### [THE TASK]
Print the records below exactly, from the line containing "Diet-related determinants of" down to the line containing "Funky Yellow Mushrooms", both lines included, and omit every picture.

(Beginning of MATERIAL PROVIDED)

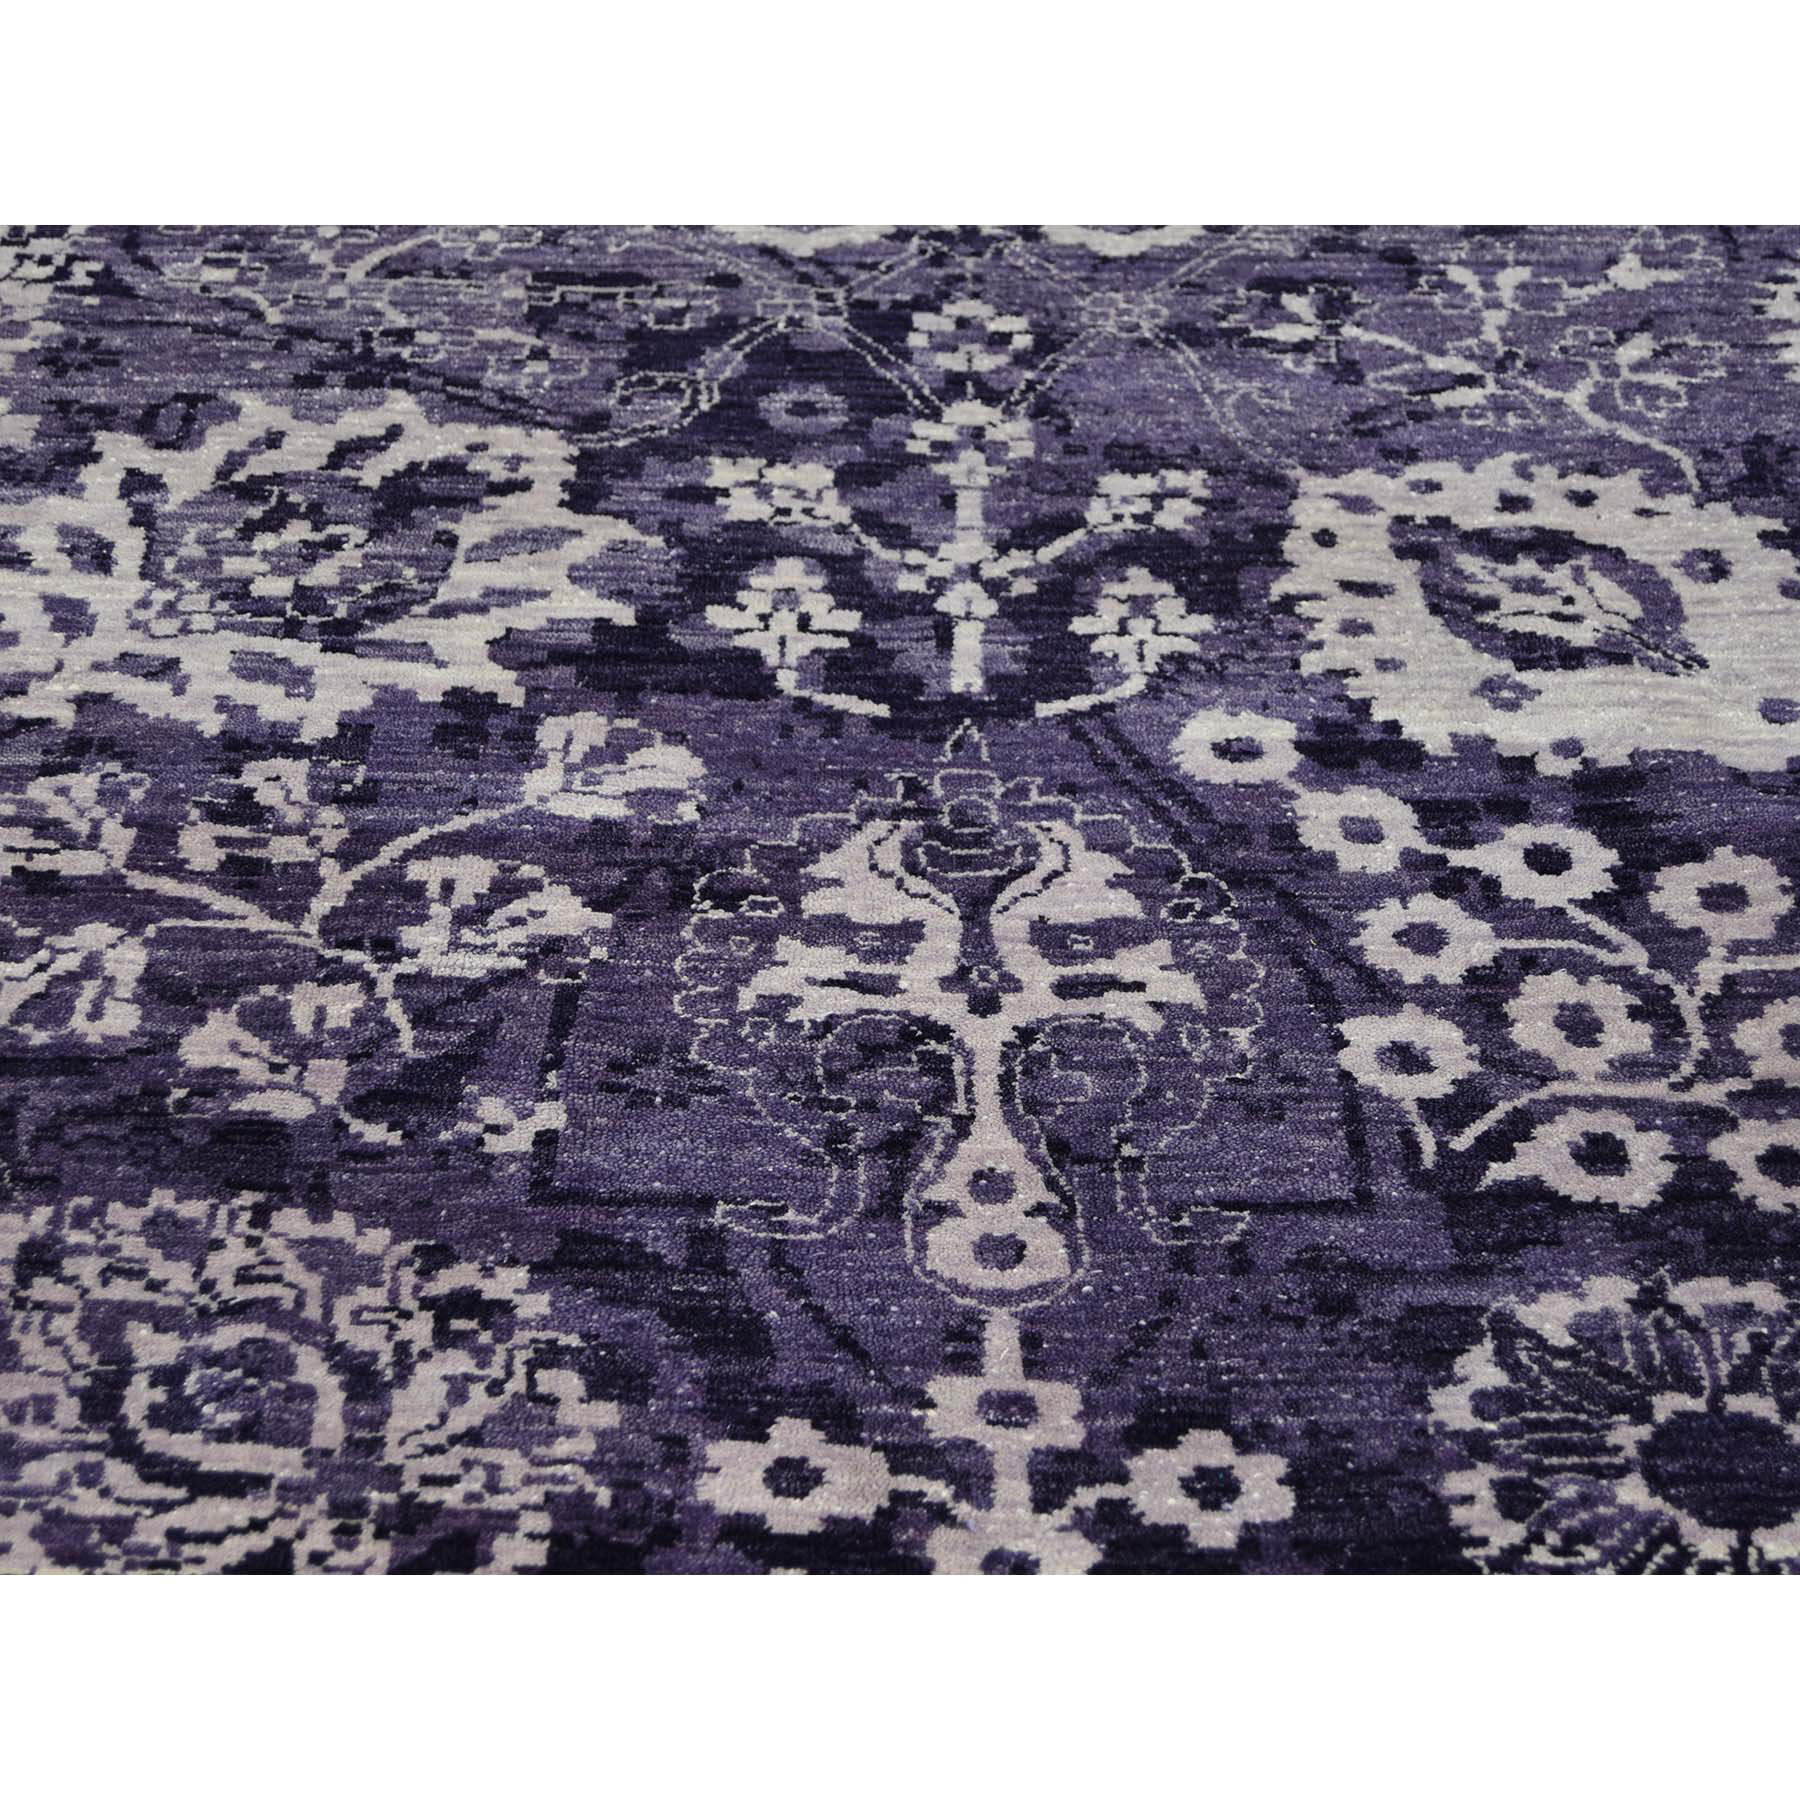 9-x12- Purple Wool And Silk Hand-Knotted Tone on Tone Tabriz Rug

(End of MATERIAL PROVIDED)
(Beginning of MATERIAL PROVIDED)

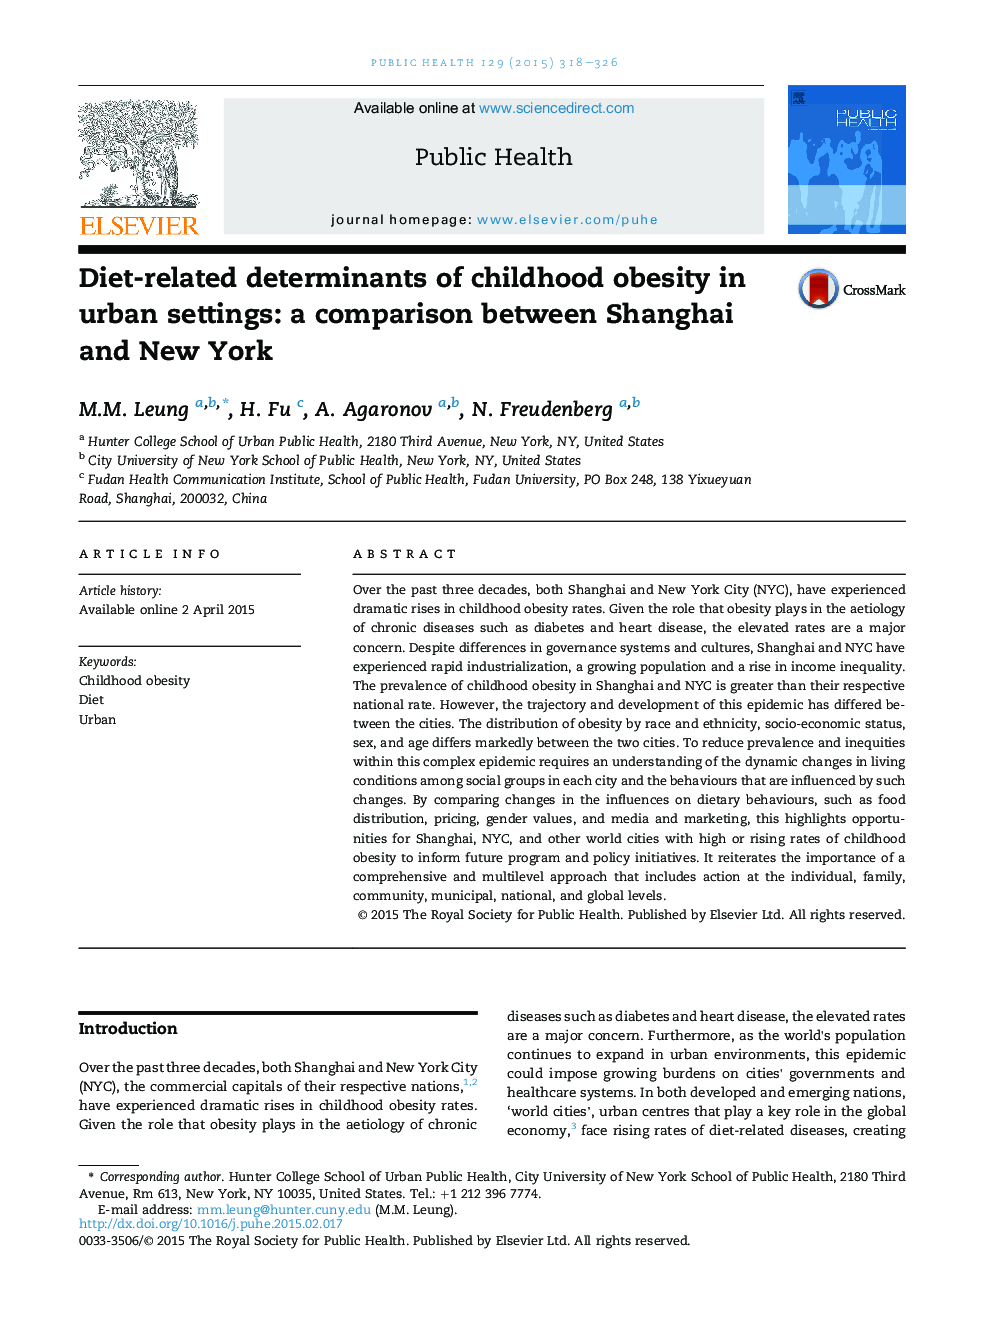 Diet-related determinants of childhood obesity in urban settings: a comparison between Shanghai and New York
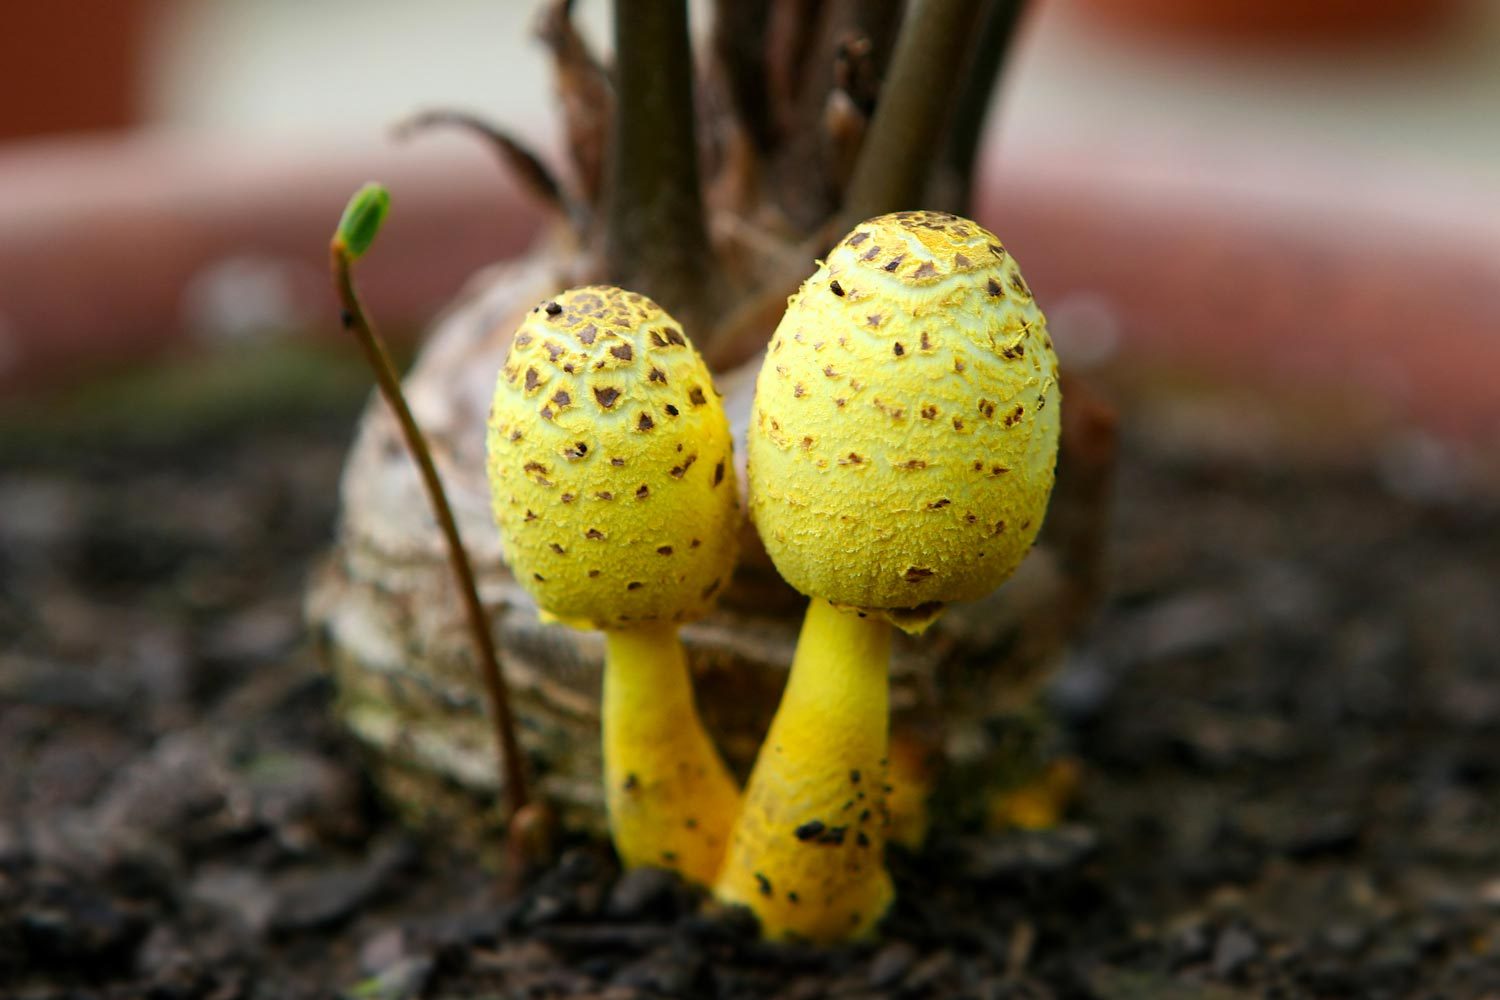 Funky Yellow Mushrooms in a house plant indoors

(End of MATERIAL PROVIDED)

### [YOUR RESPONSE]
 Diet-related determinants of childhood obesity in urban settings: a comparison between Shanghai and New York
 Funky Yellow Mushrooms in a house plant indoors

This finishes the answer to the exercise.